3) Recalculate the coordinates of the 4 centroids;

4) Repeat 2) and 3) process until convergence.
A certificate detection device, characterized in that: the device comprises an acquisition input unit, an image processing unit, an information extraction unit, and an information output unit connected by telecommunication; wherein,

Obtain the input unit, and obtain the detection picture and the standard registration picture of the certificate to be detected through the camera assembly;

The image processing unit processes the input image through the deep learning algorithm and the image processing algorithm in the processor, and sequentially obtains the preliminary rough document area mask, the document area refined mask, the deducted original image area and the affine area.
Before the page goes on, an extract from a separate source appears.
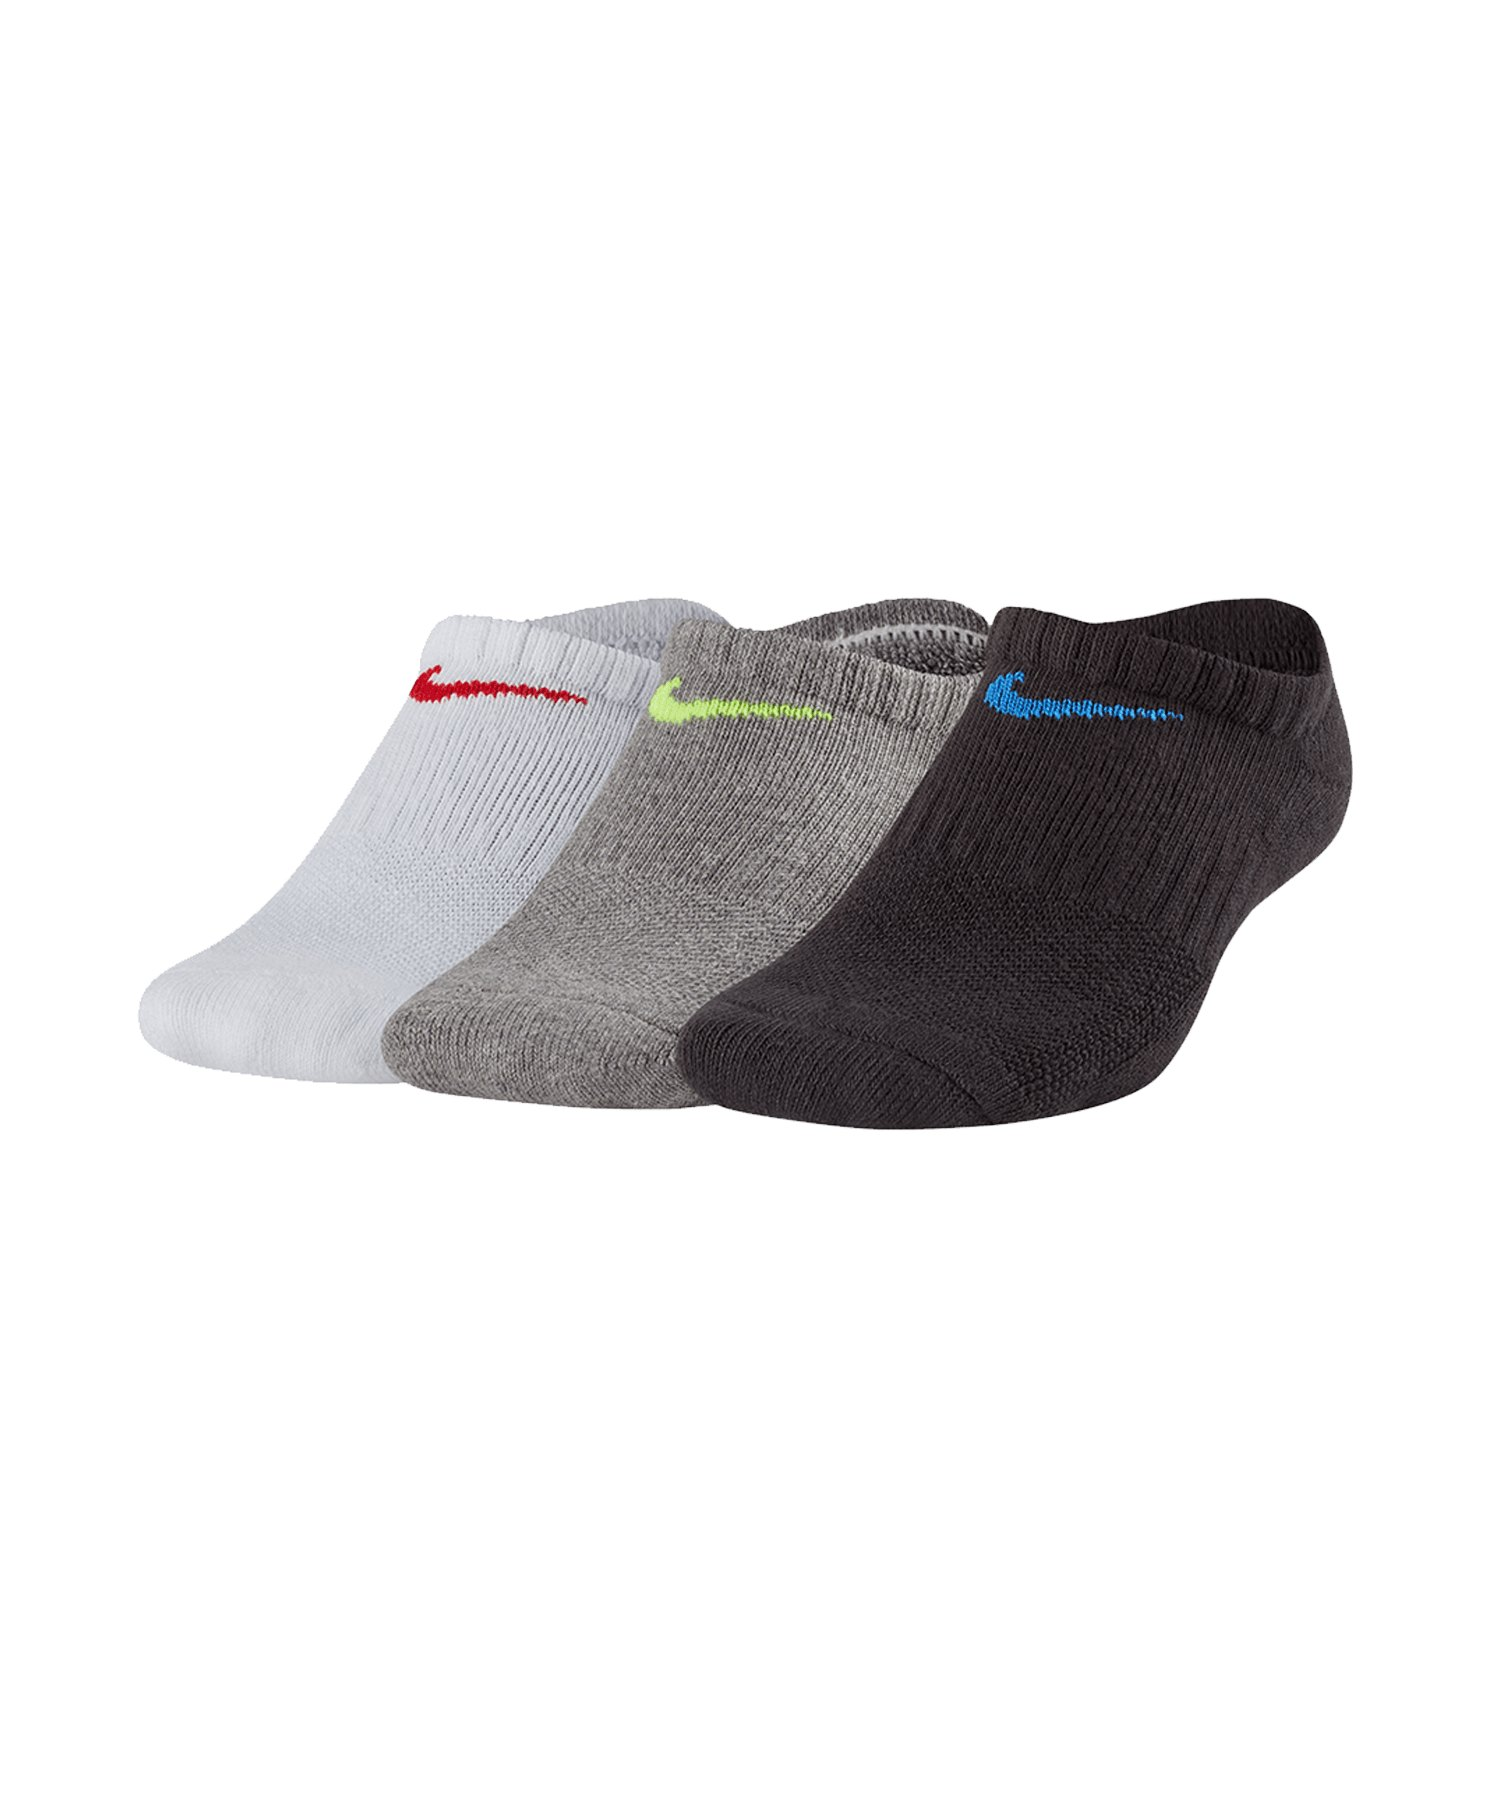 Nike Cushioned No Show Socken 3er Pack Kids F906 - weiss

The rectified image after transformation and rectification;

The information extraction unit corrects the category and information of the image through the information extraction algorithm in the processor;

In the information output unit, the processor displays the category and information result extracted from the input picture on the display and stores it in the memory.
A computer-readable storage medium on which computer instructions are stored, characterized in that: when the computer instructions are executed, the steps of the method according to any one of claims 1-7 are executed.
A terminal, comprising a memory and a processor, characterized in that: the memory stores a registered picture and computer instructions that can be run on the processor, and the processor executes claims 1- when running the computer instructions 7 the steps of any one of the methods.